"But i dont know how to implement separate thread for output filter within pipeline? may i know how to do that?"
tbb_thread and concurrent_queue? (Added) I mean a tbb_thread outside of the pipeline; the last filter would just add the work to the queue for delivery to the tbb_thread.
"If i use pipeline, is it possible to use parallel_for also?"
Nesting parallel_for inside pipeline is a good way of creating parallel slack (opportunities to execute things in parallel), assuming the units of work are sufficient to avoid excessive parallel overhead, which seems to be satisfied from your description.
Note that your pipeline will behave as if stages 1 and 2 are just one stage, if that helps to understand what is going on. In computation-bound work, assumed by TBB, that is probably a good thing, but it also means that any latency in getting more data is going to result in a stalled worker thread, i.e., no background subtraction work being done during that time. I wouldn't be surprised if the solution ended up being several threads, with TBB only used for a parallel_for to do the background subtraction, which it shoulddo very well. (Added) Orreasonably well: I wanted to balance off the gloom with an accolade, but I'm sure that design could still be improved.
"I think if i use parallel_for inside pipeline to read those two image then it will be too overhead for system. is it?"

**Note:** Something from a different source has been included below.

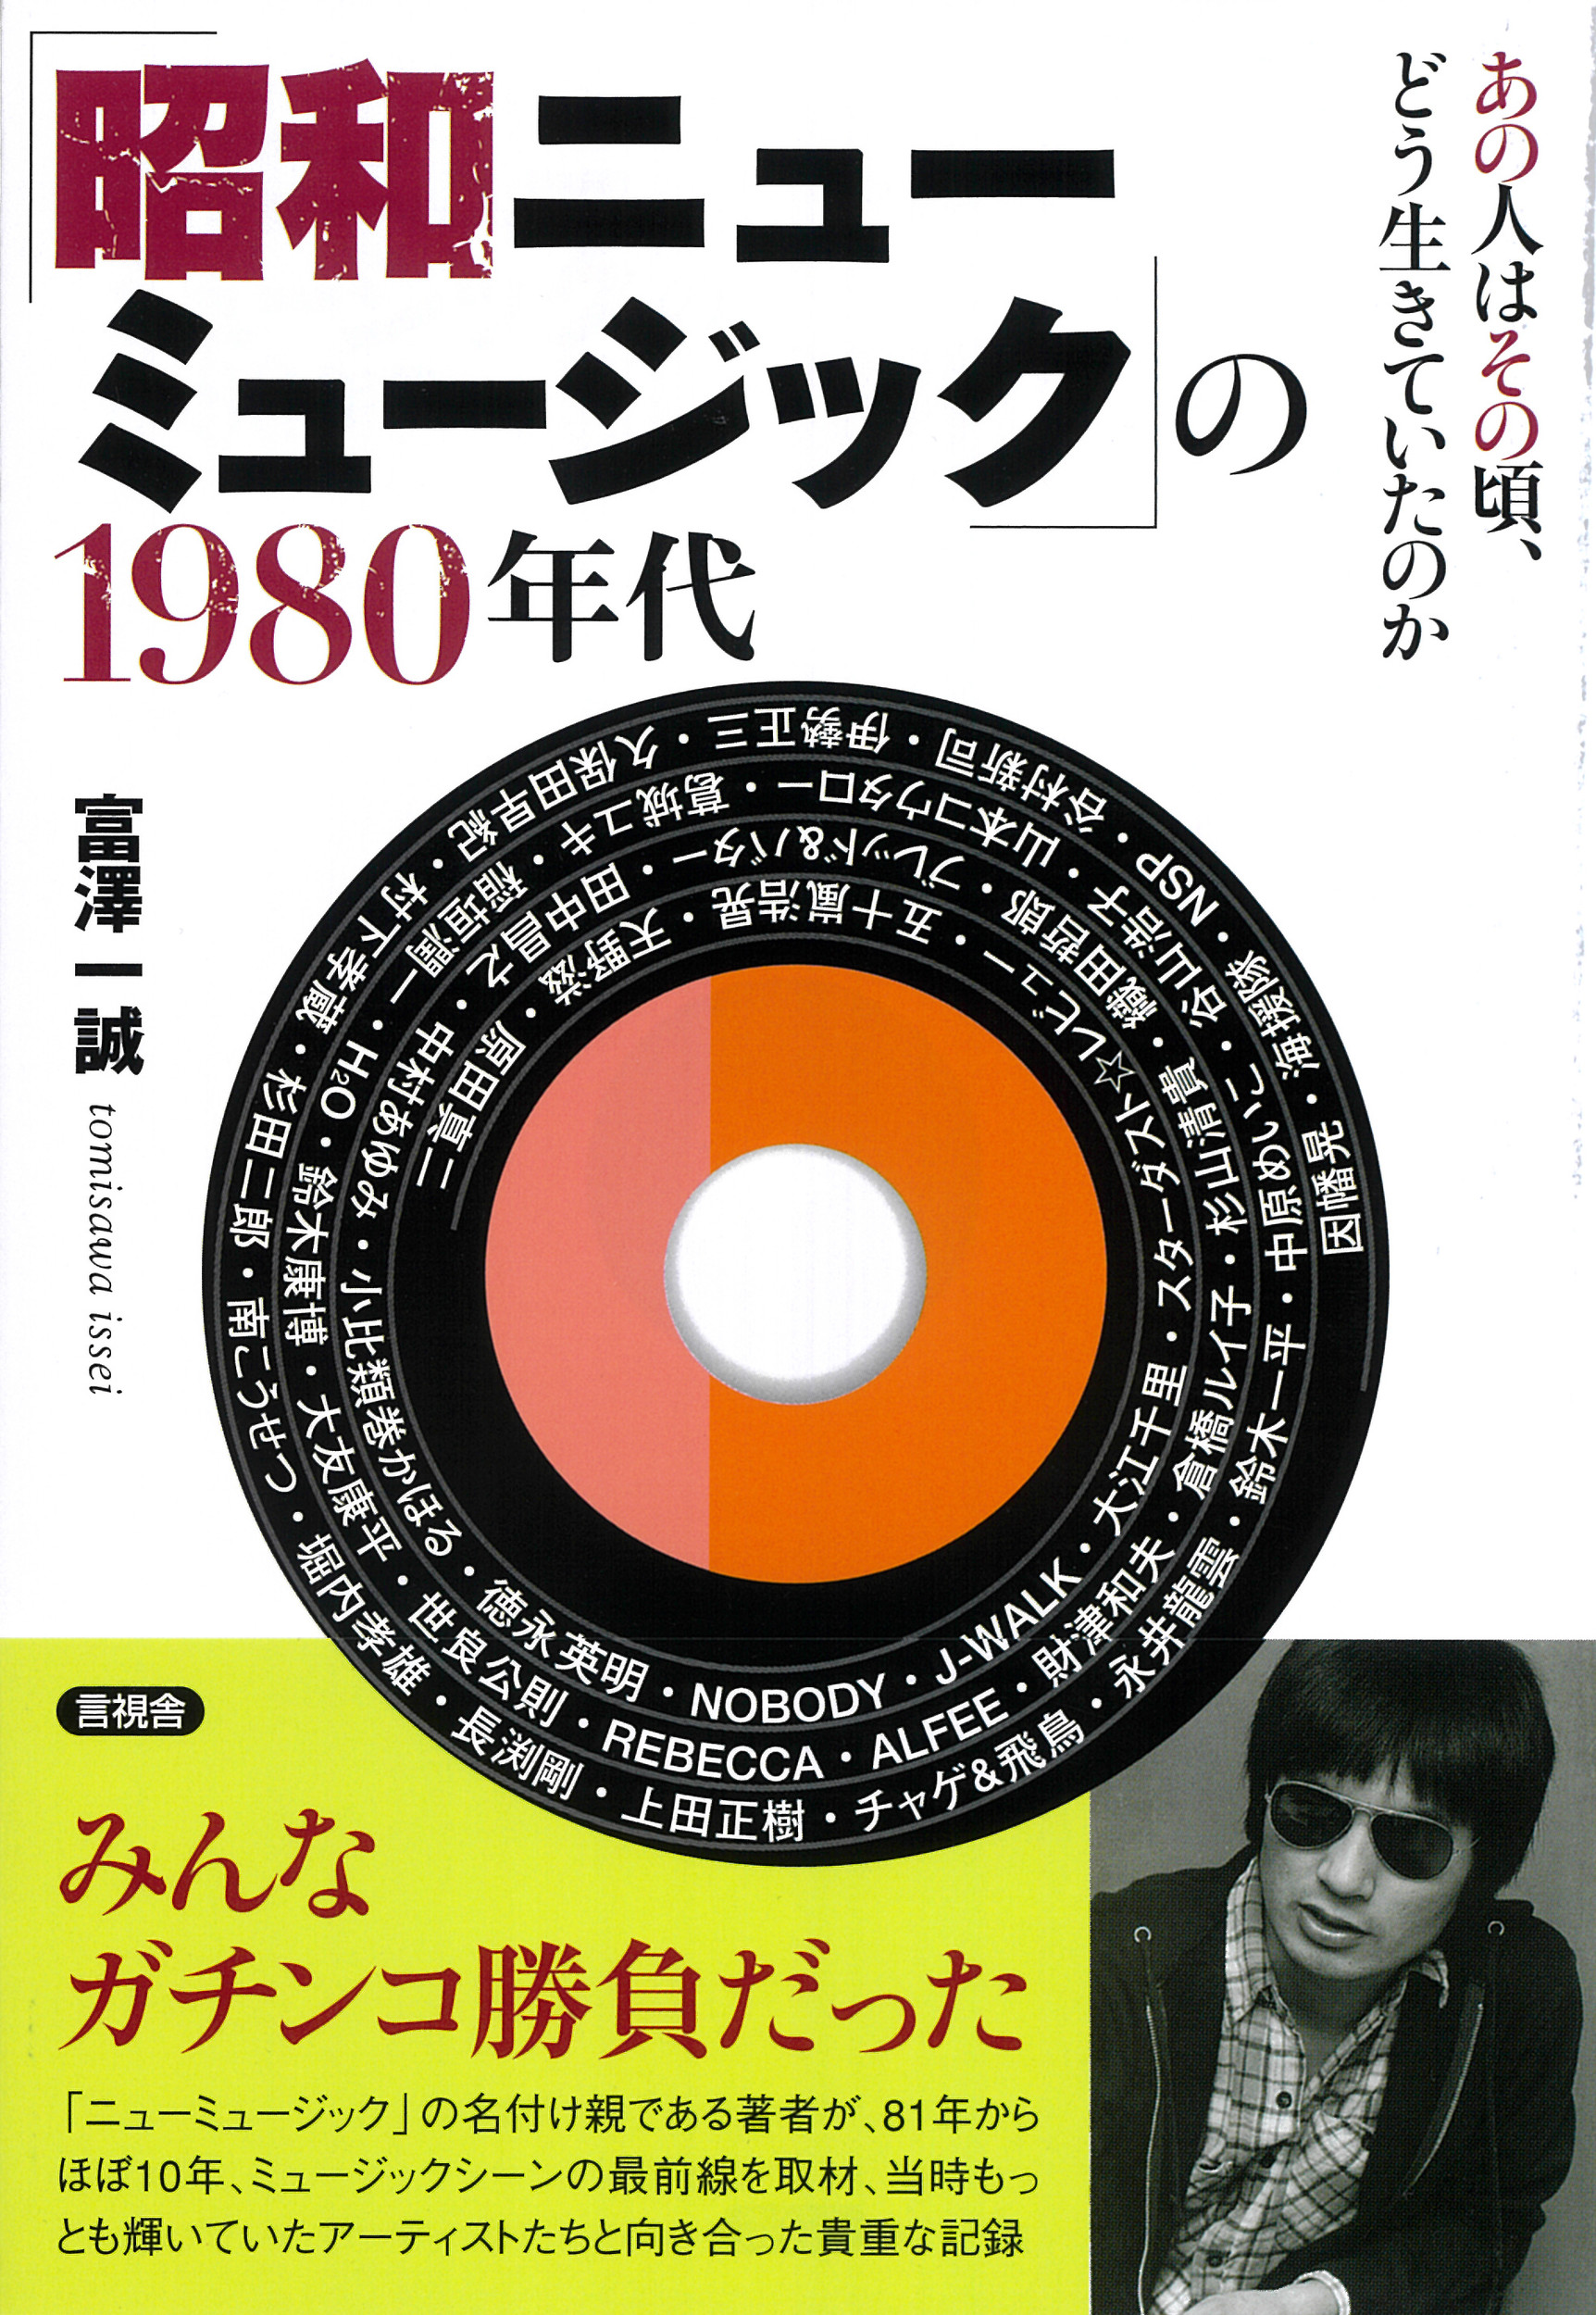 「昭和ニューミュージック」の1980年代の商品画像

You would probably read the data once and then let parallel_for process it one range at a time, so you wouldn't be reading the data multiple times (although there would be some inter-cache traffic, but I'm not sure how that could be avoided). The overhead you should be concerned with would be in task creation (don't use a simple_partitioner with a grainsize of one pixel: always process one or several full horizontal lines at once by using a single-dimensional vertically oriented blocked_range), and in the barrier to wind down parallel_for processing (although auto_partitioner should behave well enough for work that is fairly uniformly distributed like this seems to be).

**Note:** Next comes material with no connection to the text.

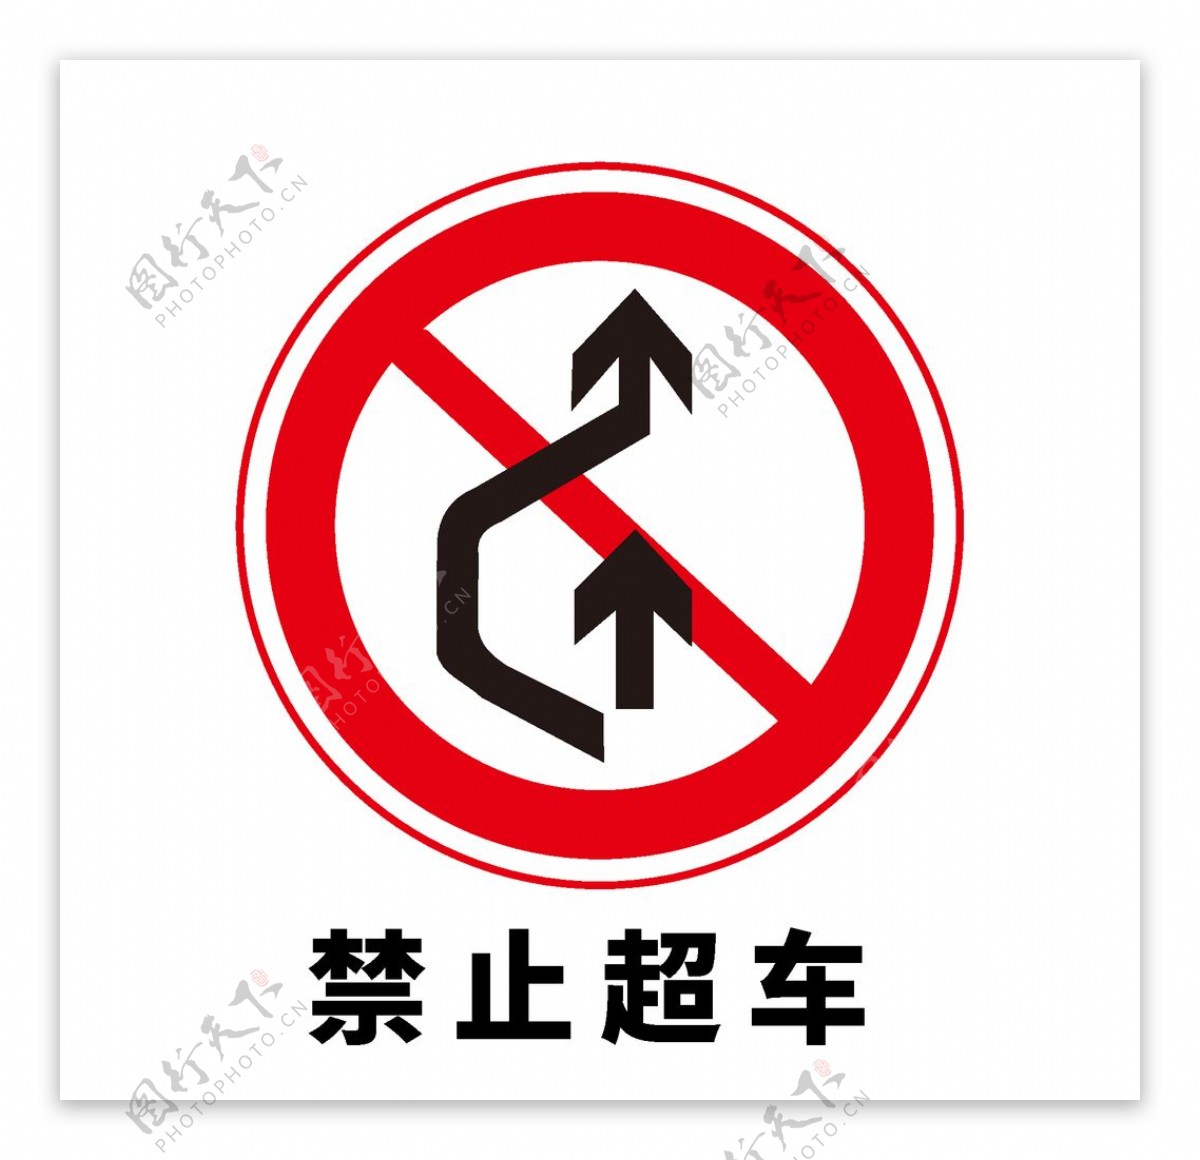 矢量交通标志禁止超车图片

You seem set on waiting inside the third stage, ignoring my advice, aren't you?
If you care about the order of the frames, you should only add them to a queue in an ordered serial stage.

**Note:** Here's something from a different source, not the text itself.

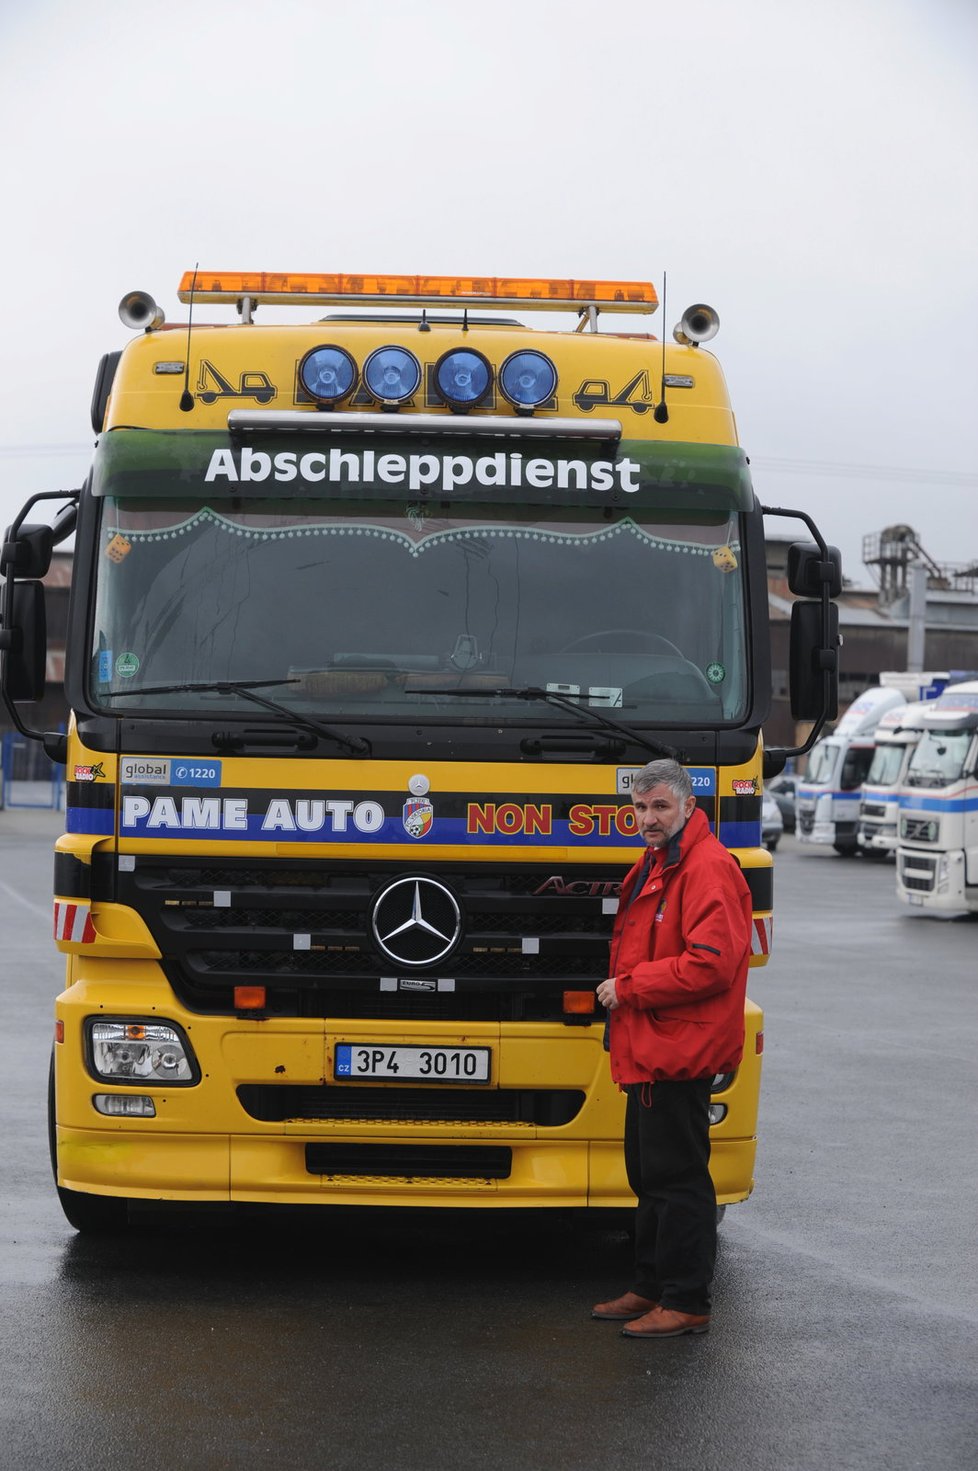 Německý nápis je na autě kvůli zásahům v zahraničí, těch ovšem poslední roky ubývá

Each stage takes a cookie and returns a (potentially different) cookie, typed void* because it is typically a pointer to data. You have to be prepared for more than one data item in flight at any one time (otherwise the pipeline would degenerate into a simple loop), i.e., multiple frames may exist at the same time, but if you pass the correct values ineach stage, the ordered-serial output filter will automagically process the frames in the same order as the serial input filter.